# A circle is inscribed in a square with a side of 12. The segment MH with ends on sides AB and AD

**A circle is inscribed in a square with a side of 12. The segment MH with ends on sides AB and AD touches this circle. It is known that MH = 5 Find the area of the triangle AMH.**

Let’s construct the radii OP and OK to the tangency point.

Then, by the property of tangents: MR = ML, HL = HK, AR = AK.

AM + MH + AH = AM + ML + HL + AH = AM + MR + HK + AH = (AM + MR) + (AH + HK) = AR + AK = AB / 2 + AD / 2 = AB.

The perimeter of the triangle AMH is equal to the length of the side of the square.

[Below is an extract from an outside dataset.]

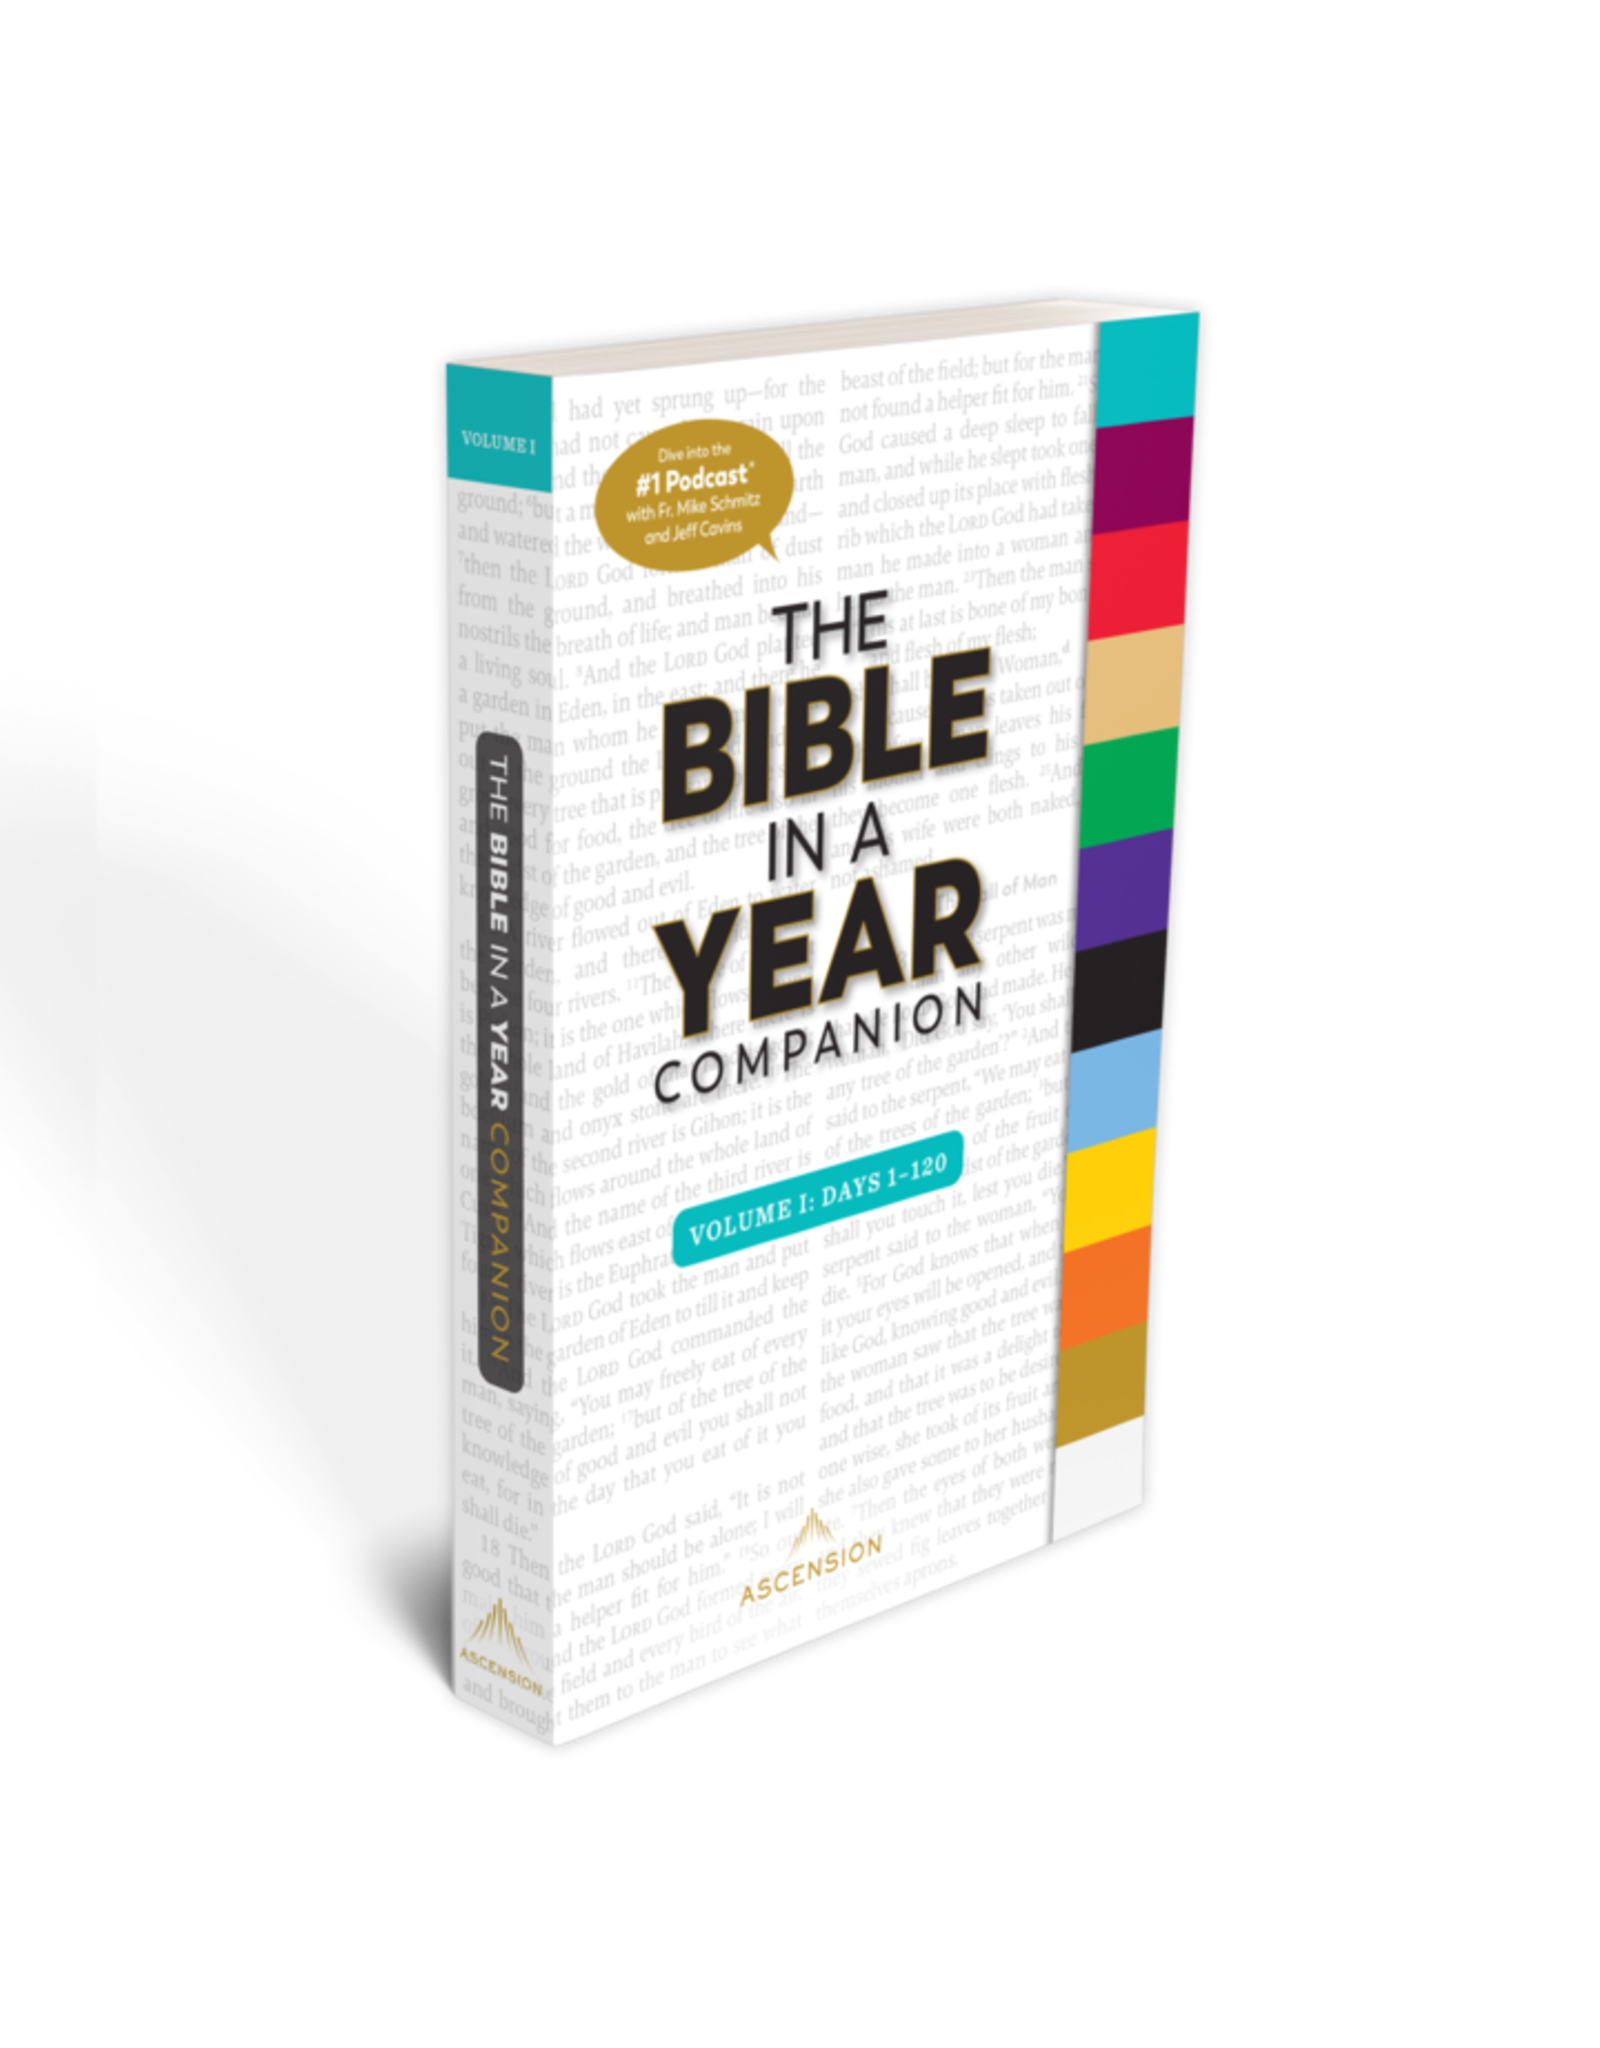 Bible in a Year Companion, Volume I (out of stock and estimating a restock date of March)

Then AM + AH = 12 – MH = 12 – 5 = 7 cm.

Let AM = X cm, then AH = (7 – X) cm.

By the Pythagorean theorem: MH ^ 2 = AM ^ 2 + AH ^ 2.

25 = X ^ 2 + (7 – X) ^ 2 = X ^ 2 + 49 –14 * X + X ^ 2.

2 * X ^ 2 – 14 * X + 24 = 0.

X ^ 2 – 7 * X + 12 = 0.

Let’s solve the quadratic equation.

X1 = 3 cm.

X2 = 4 cm.

Let AM = 3 cm, then AH = 7 – 3 = 4 cm.

Then Samn = AM * AH / 2 = 3 * 4/2 = 6 cm2.

Answer: The area of the AMH triangle is 6 cm2.